Precise: target specific queries, paths, commands, topics
Realistic: real services fail at the query level, not the disk level
Service stays healthy — healthchecks and other operations work normally
Tests error handling for specific code paths

Weaknesses:

Only works for supported protocols (HTTP, Postgres, Redis, Kafka, etc.)
Proxy adds latency (usually <1ms, but measurable)
Can’t simulate low-level failures (disk corruption, kernel panics)
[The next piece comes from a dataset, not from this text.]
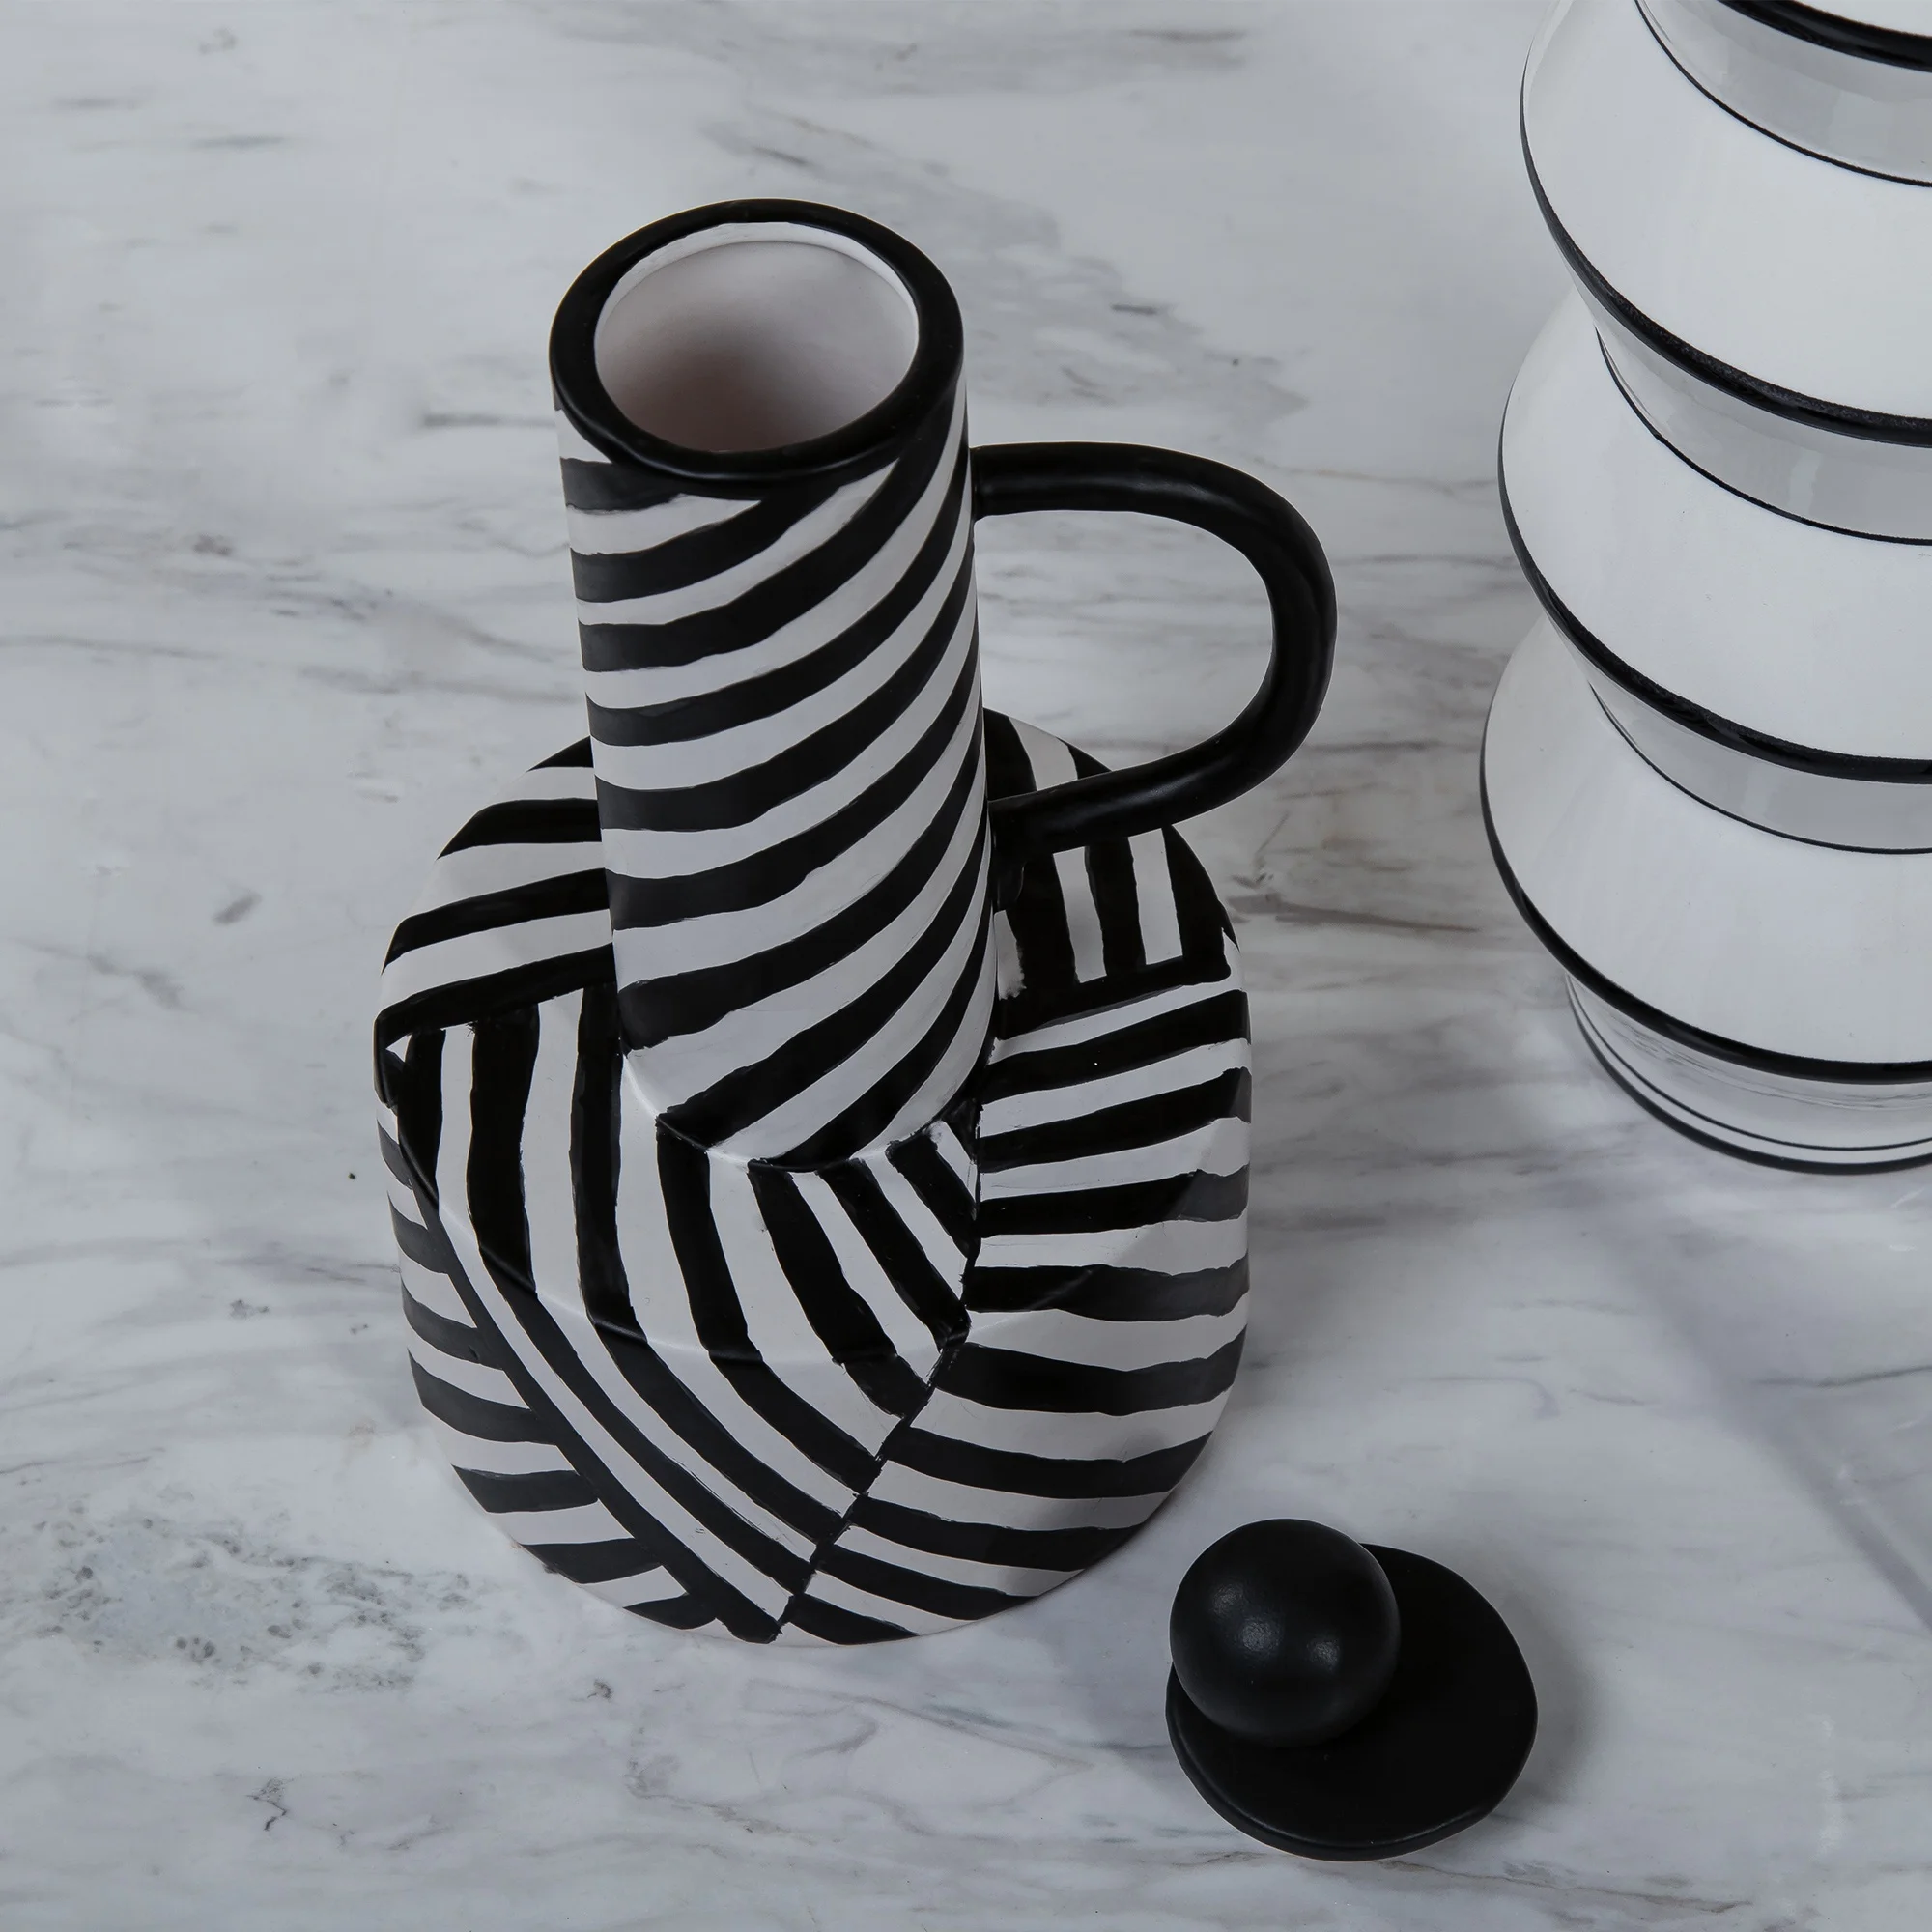 
Simple stripe black white ceramic sculpture interior decorative 
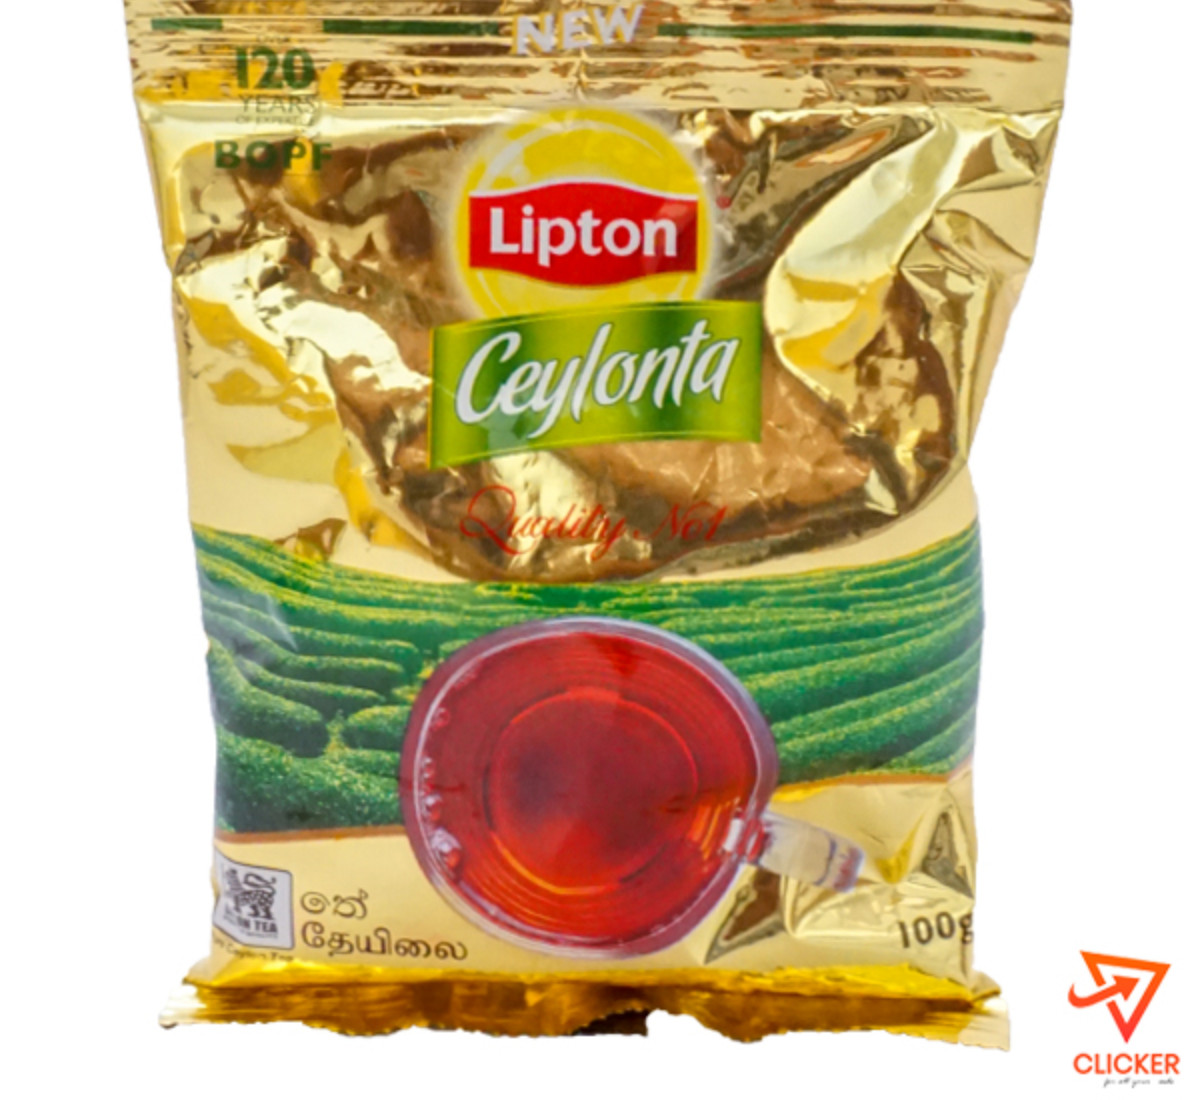 Clicker product 100g LIPTON Ceylonta Tea 950

Best for: “does this specific operation handle errors correctly?” questions.

Decision table

Question	Level	Example
”What if the DB server is completely down?”	Syscall	`connect=deny("ECONNREFUSED")`
”What if this INSERT query fails?”	Protocol	`error(query="INSERT INTO orders*")`
”What if the disk is full?”	Syscall	`write=deny("ENOSPC")`
”What if this HTTP endpoint returns 500?”	Protocol	`response(path="/api/v1/orders", status=500)`
”What if the network is slow?”	Syscall	`connect=delay("2s")`
”What if this one Kafka topic drops messages?”	Protocol	`drop(topic="order-events")`
”What if Redis SET fails but GET works?”	Protocol	`error(command="SET")`
”What if two services can’t talk to each other?”	Syscall	`partition(api, db)`
”What if the WAL fsync fails?”	Syscall	`fsync=deny("EIO")`
”What if the gRPC method returns UNAVAILABLE?”	Protocol	`error(method="/orders.OrderService/Create")`

Combining both levels

Use composition to combine syscall and protocol faults into a single assumption:

# Syscall-level: DB disk is slow
db_slow = fault_assumption("db_slow",
    target = db,
    write = delay("500ms"),
)

# Protocol-level: upstream rate limits POST requests
rate_limited = fault_assumption("rate_limited",
    target = api.http,
    rules = [response(method="POST", path="/orders*", status=429)],
)

# Combined: both active simultaneously
degraded = fault_assumption("degraded",
    faults = [db_slow, rate_limited],
    description = "upstream rate-limited AND local disk slow",
)

# Use in a matrix alongside individual faults
fault_matrix(
    scenarios = [create_order, get_order],
    faults = [db_slow, rate_limited, degraded],
    overrides = {
        (create_order, rate_limited): lambda r: assert_eq(r.status, 429),
        (create_order, degraded): lambda r: assert_eq(r.status, 429),
        (get_order, db_slow): lambda r: assert_true(r.duration_ms > 400),
    },
)

When to combine:

Testing graceful degradation (some operations fail, others slow)
Testing cascading failures (upstream error + local resource issue)
Testing that partial failures don’t corrupt state

Progression for a new project

Start with syscall-level fault_assumption() — connect=deny, write=deny for each dependency. Covers the broad “is X broken?” category.
Add protocol-level assumptions for critical paths — specific queries, endpoints, or commands where you need precise error handling.
Compose into a fault_matrix() — cross-product of scenarios × assumptions. Add overrides for expected behavior.
Combine levels via faults=[syscall_assumption, protocol_assumption] for realistic degradation scenarios.

Most projects get 80% of the value from step 1 alone.